Items from a dataset:
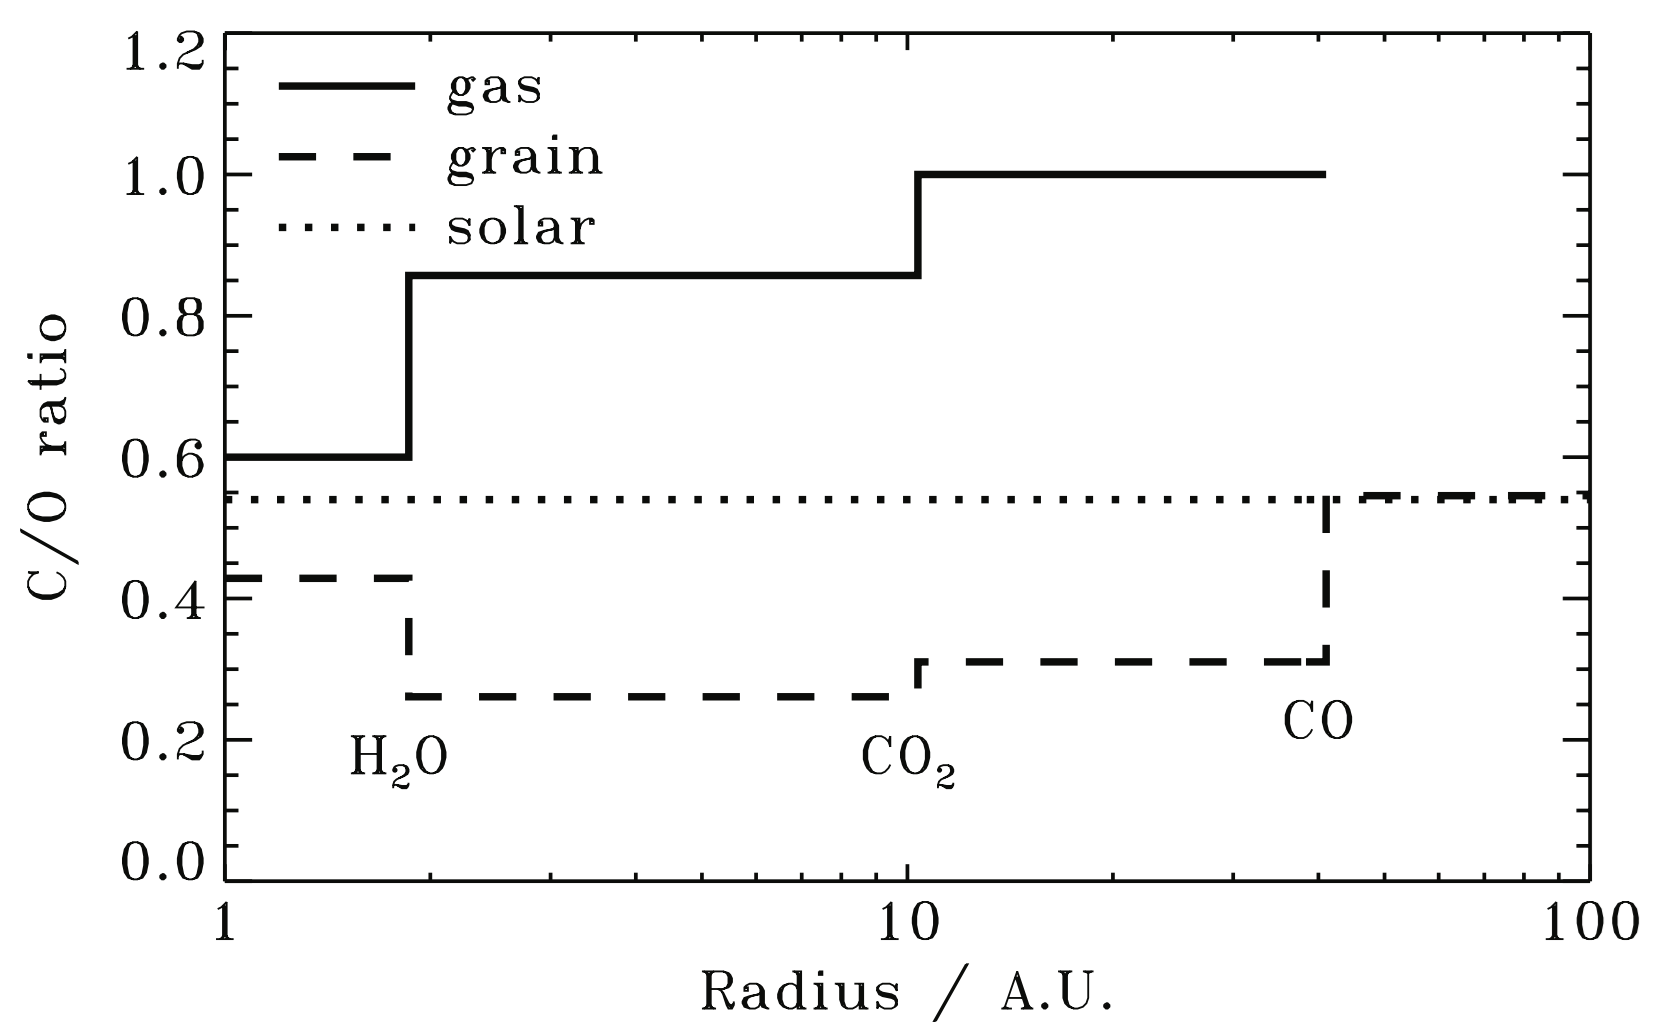 Source: Öberg et al. (2011)
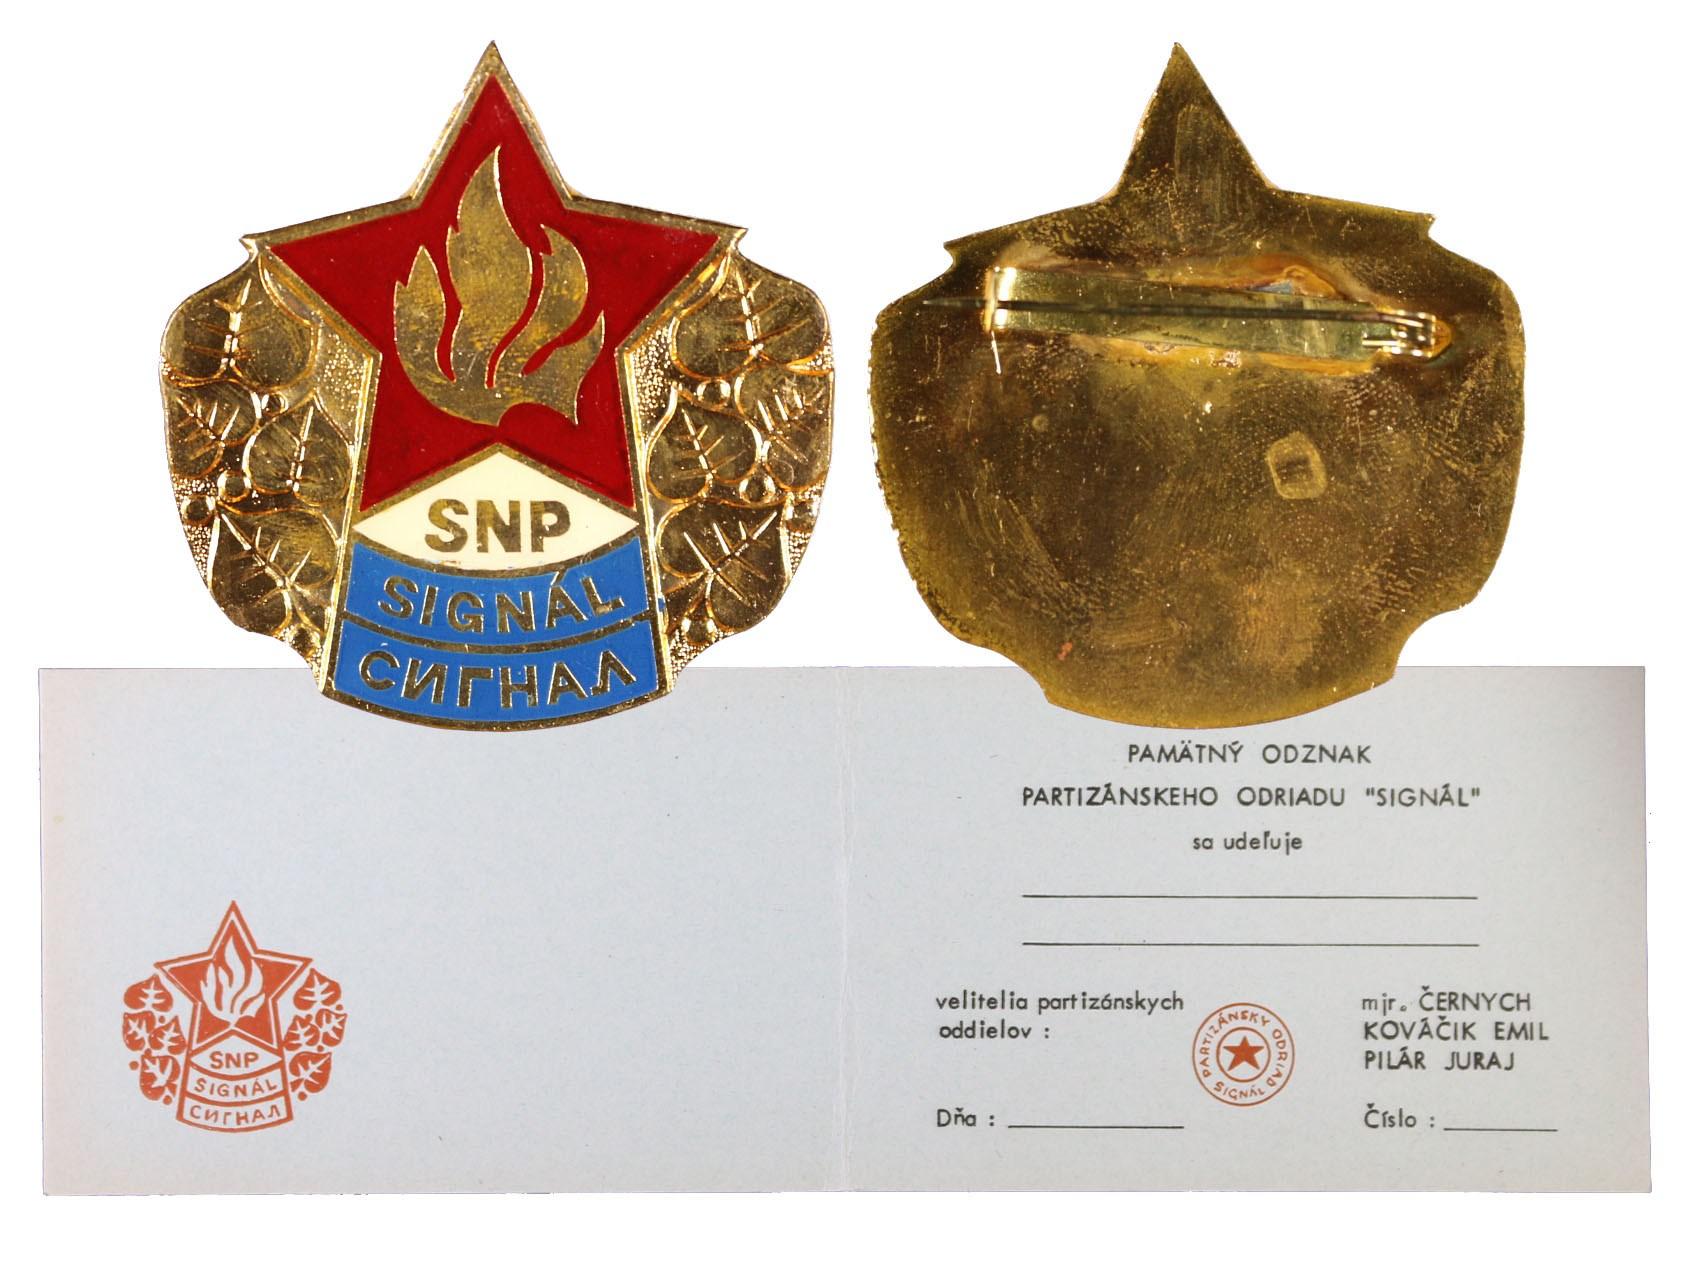 Pamětní odznak partyzánského odřadu Signál s nevyplněným udělovacím průkazem
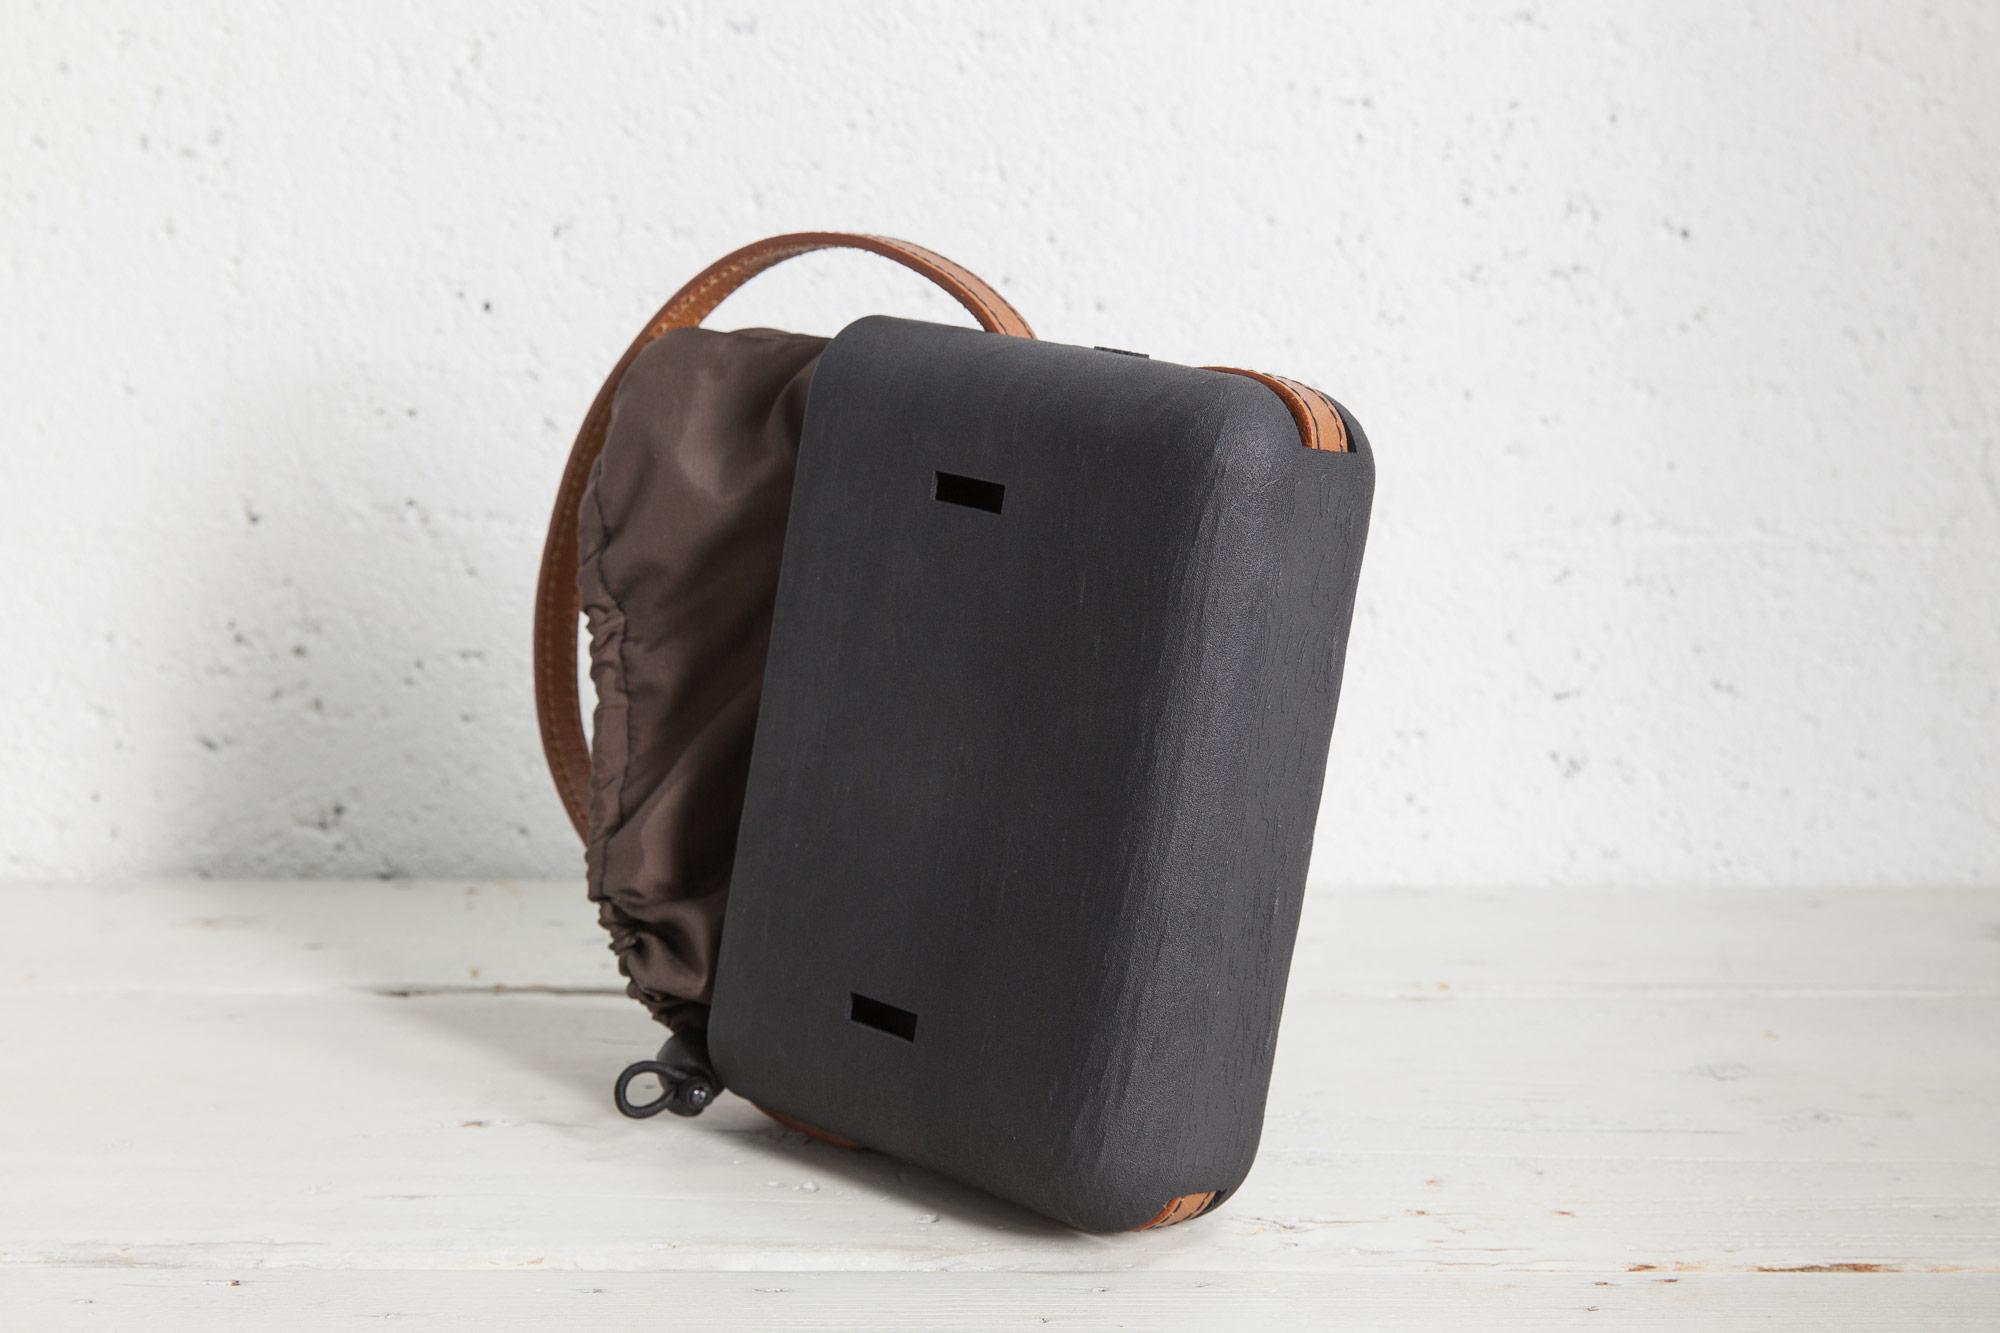 XYZBag. Dada 2. 3D handbag designed as unique items, through a co-created digital sartorial manufacturing process.
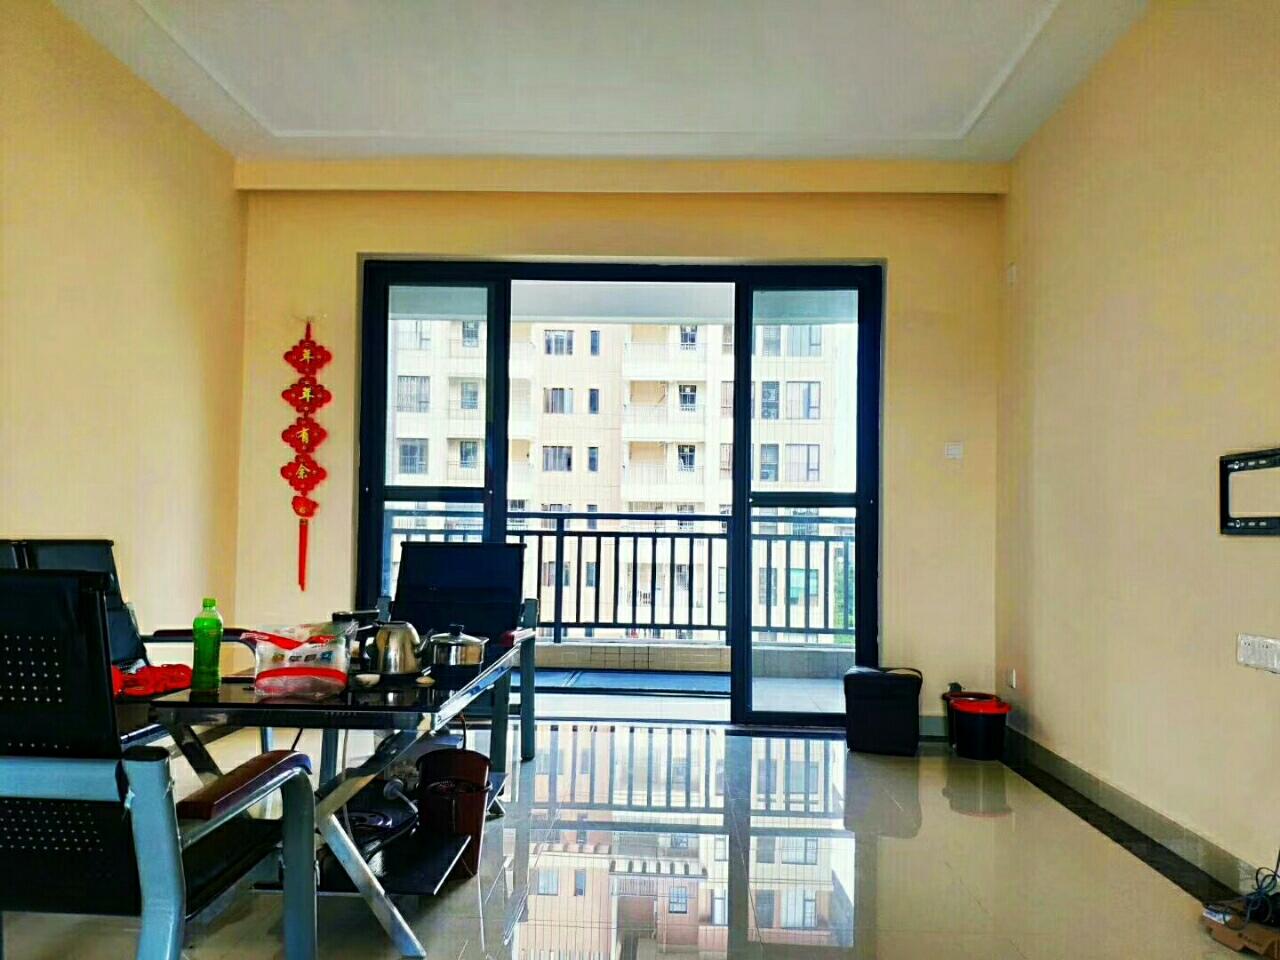 雅拉湖畔优质房3室2厅2卫72万元性价比高
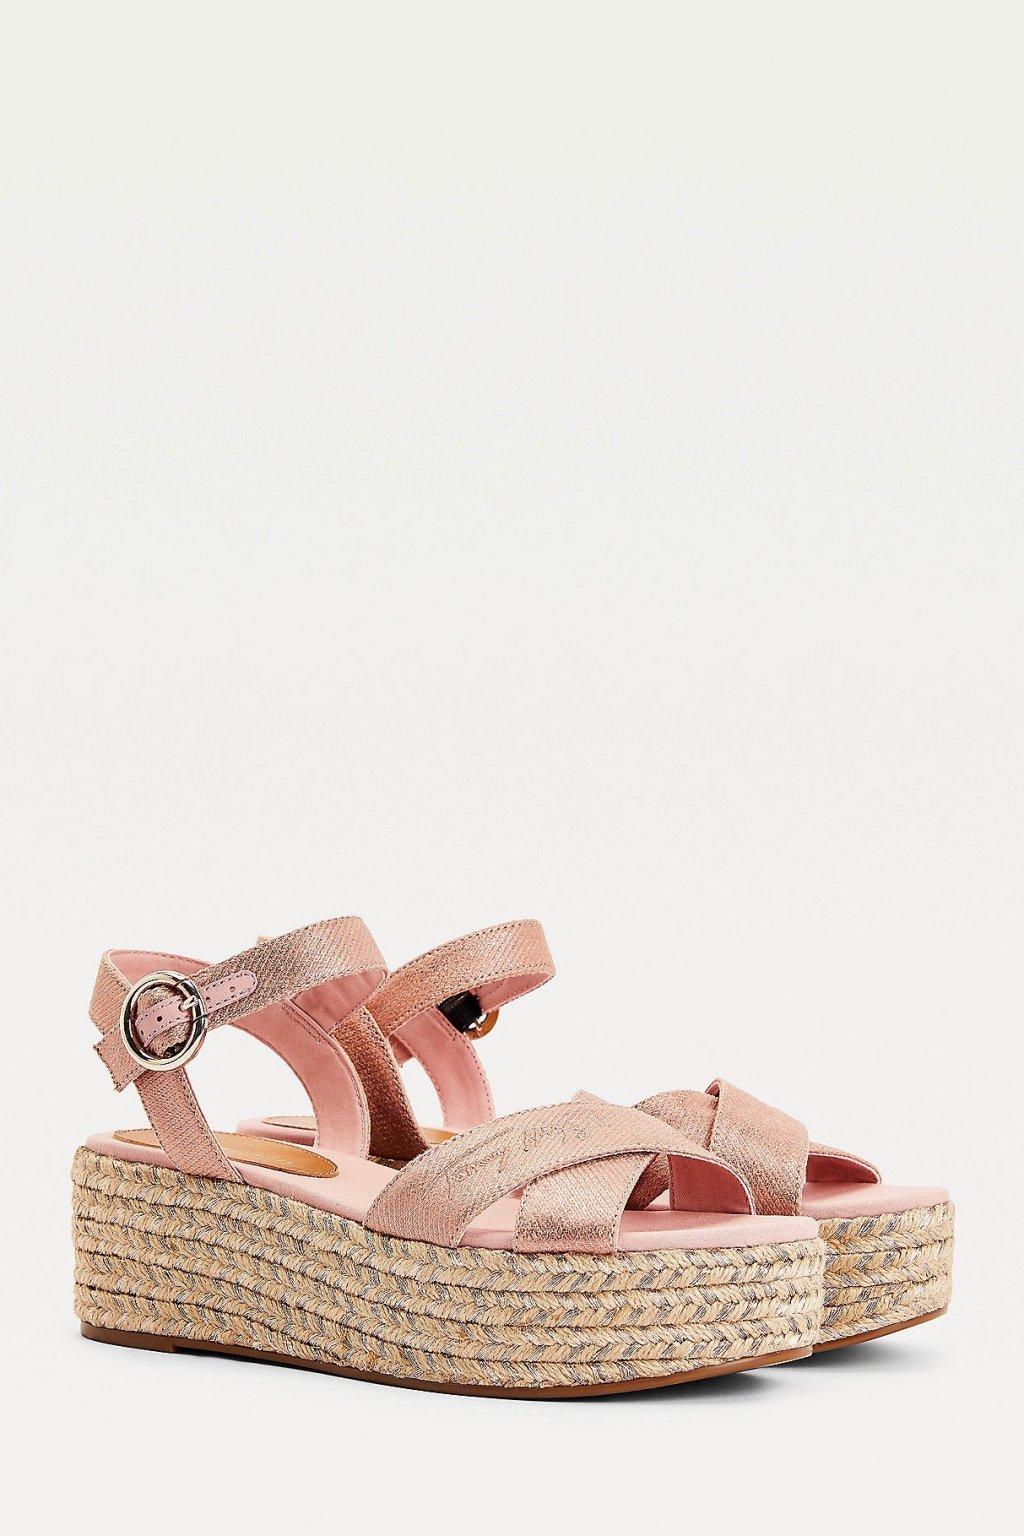 Tommy Hilfiger boty na klínku dámské - růžové

* [Instructions to follow] The output is the data above, repeated exactly, with pictures omitted.

* [Final answer]
 Source: Öberg et al. (2011)
 Pamětní odznak partyzánského odřadu Signál s nevyplněným udělovacím průkazem
 XYZBag. Dada 2. 3D handbag designed as unique items, through a co-created digital sartorial manufacturing process.
 雅拉湖畔优质房3室2厅2卫72万元性价比高
 Tommy Hilfiger boty na klínku dámské - růžové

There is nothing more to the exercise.